Part Two – Story Point Estimation in Scrum: Does it Still Work?

Epic Estimation is Hard

To continue from the first part in our series, let’s dive into the next Pro & Con of Story Point Estimation:

Pro:  Story Points set a critical baseline for obtaining budget.

Story Points give managers a baseline data point for estimating and calculating Velocity across multiple teams, which everyone knows is a necessary evil if you expect to get funding for any large project.

In waterfall, managers could talk to stakeholders in terms of numbers (hours, days, weeks, months). Everyone could understand numbers. Nothing took less than one hour. When the Internet and Agile came along, hours could no longer be used because so many Tasks could be completed faster than the meeting would take to plan it! On the other hand, some stories have longer Timelines and Dependencies which need to be documented with stakeholders. Story Points give managers a baseline idea of where a story falls on that spectrum, relative to a team’s past experiences, and how they are packaging it.

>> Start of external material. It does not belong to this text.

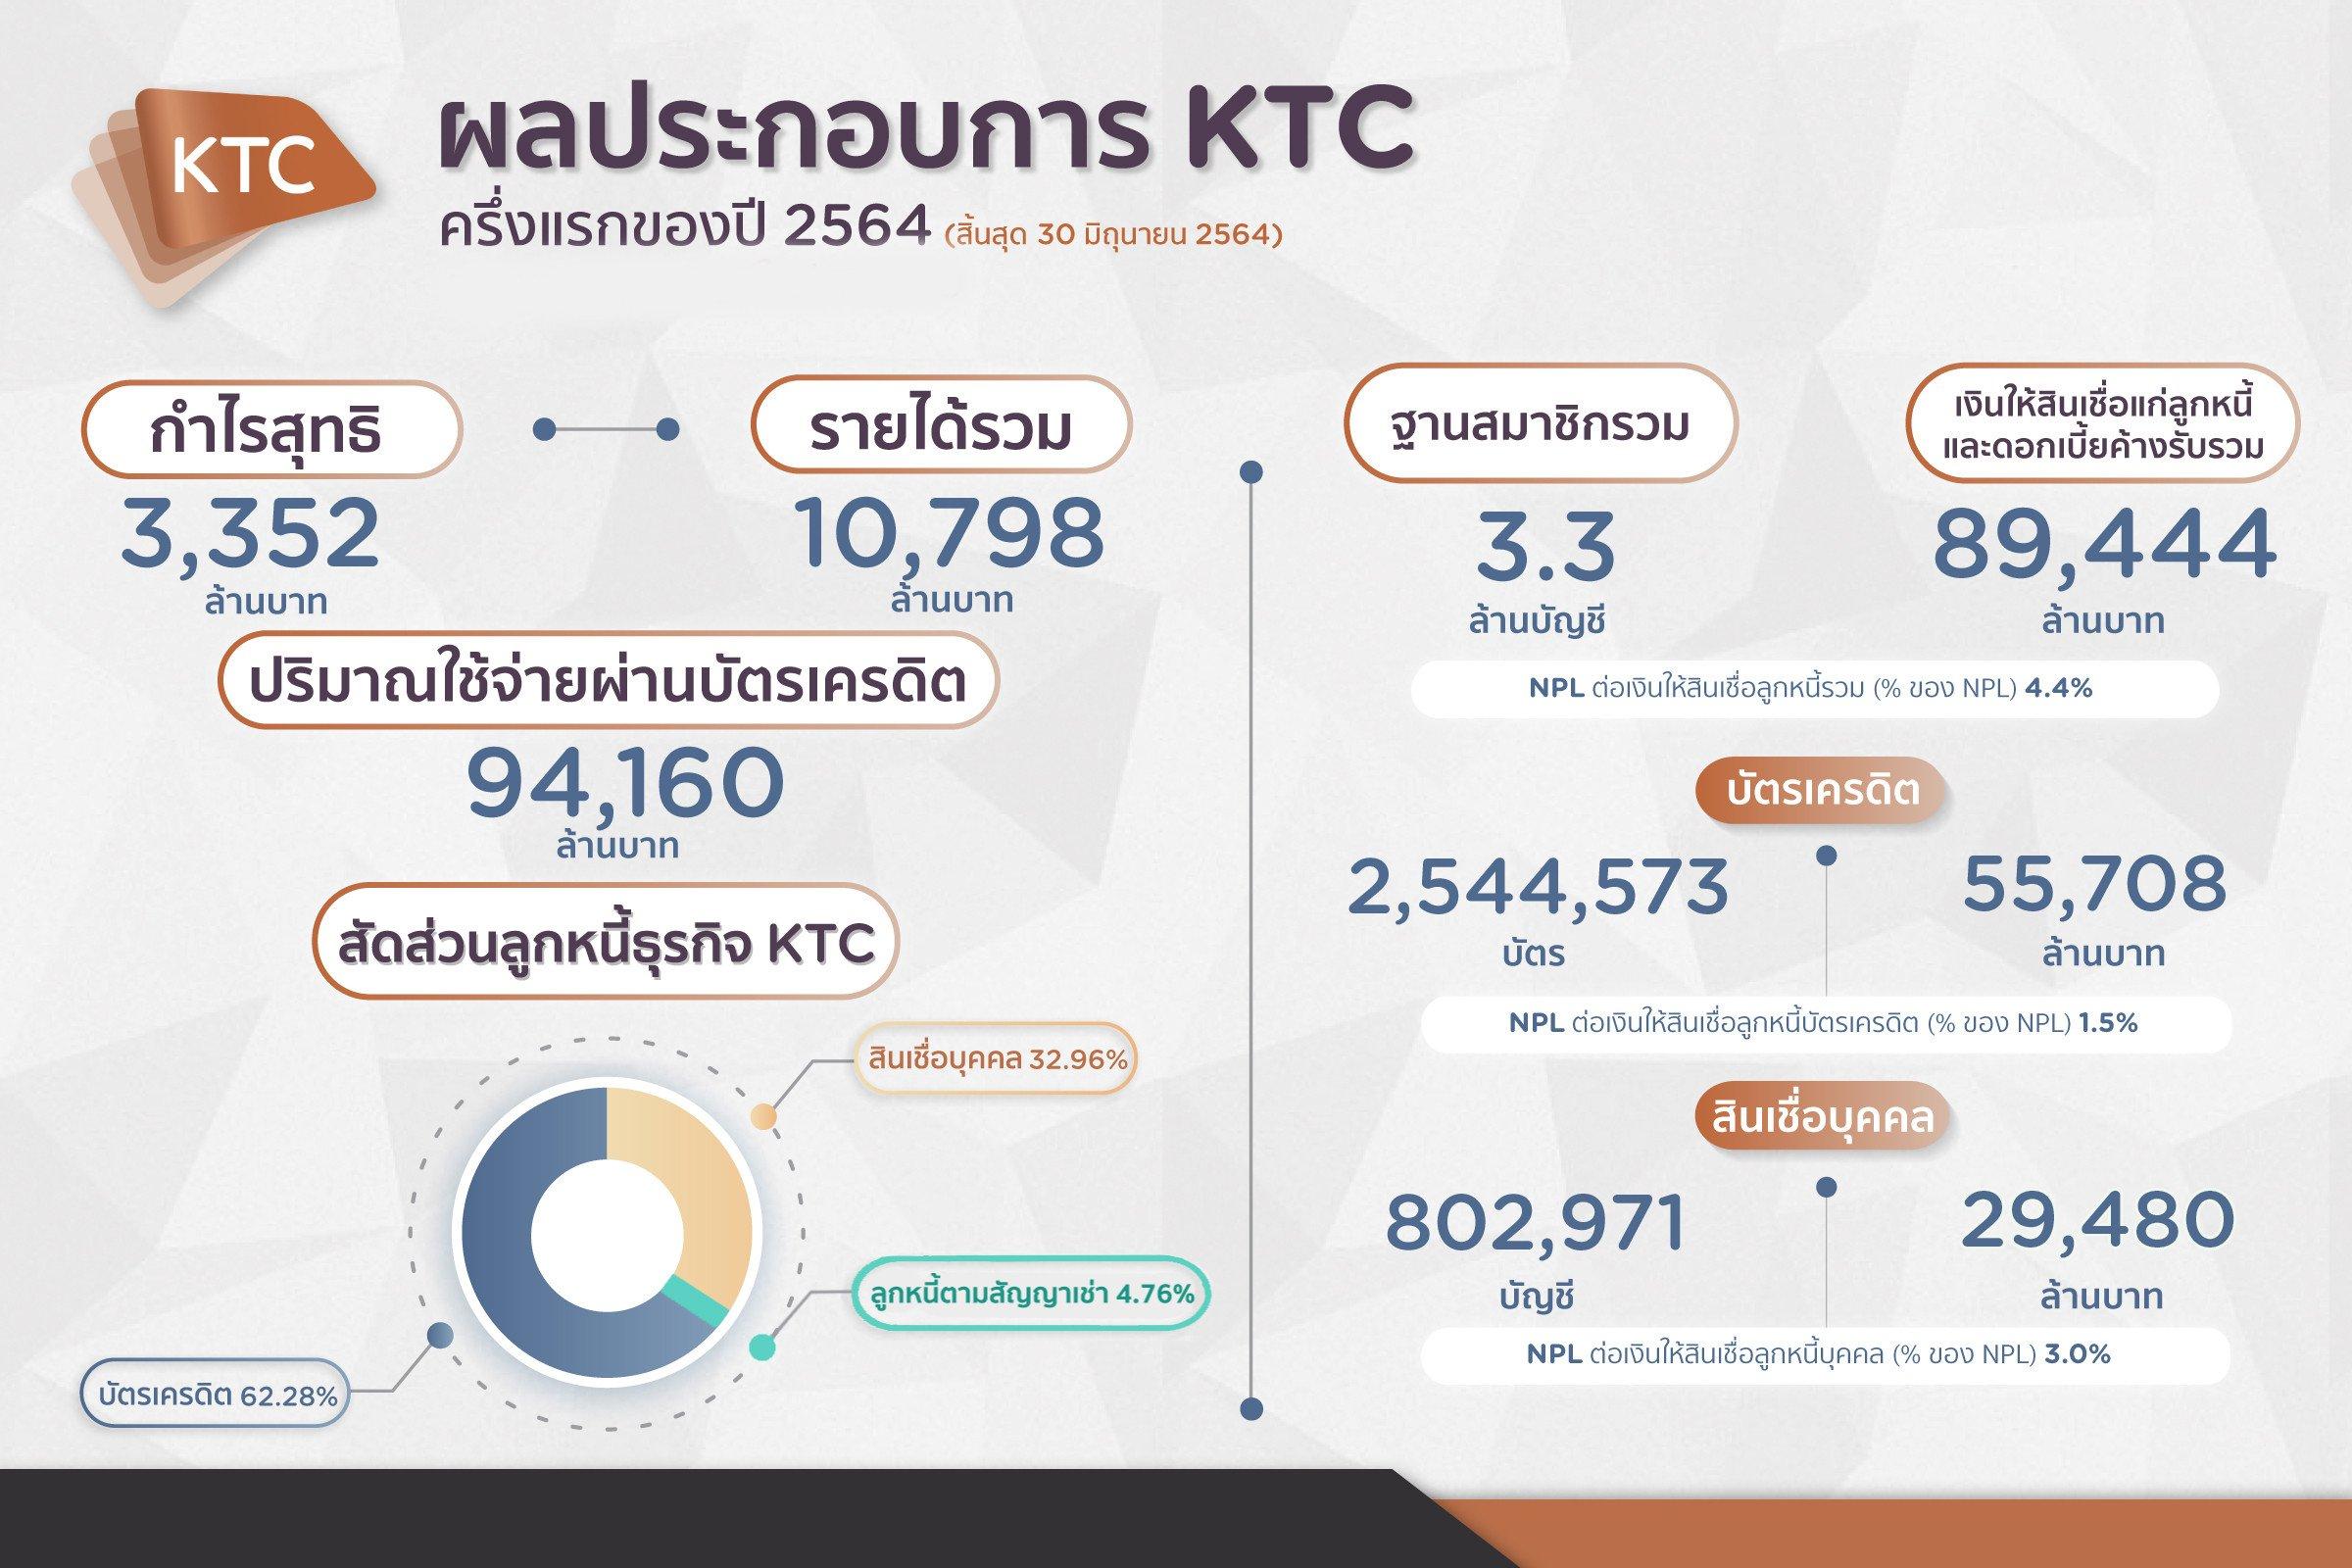 ktc performance 1h2021 (3)

Our CTO, Kaushal Amin compares Epic Estimation to asking how many boxes (Effort) it would take to handle your move:

Company A tells me they can get the job done in 150 boxes. Company B can do it in 100. On the surface it seems like Company B is much more efficient, but what if Company B is just using bigger boxes? The effort required to do the work could be exactly the same; it’s just that the companies estimate in different ‘bucket sizes’.

At the Program level, you can’t enforce the same bucket sizes across teams. Story Points can, however, help teams break down work to the smallest functional piece so that, over time, high-level planners can learn and understand what bucket size each team is using to estimate.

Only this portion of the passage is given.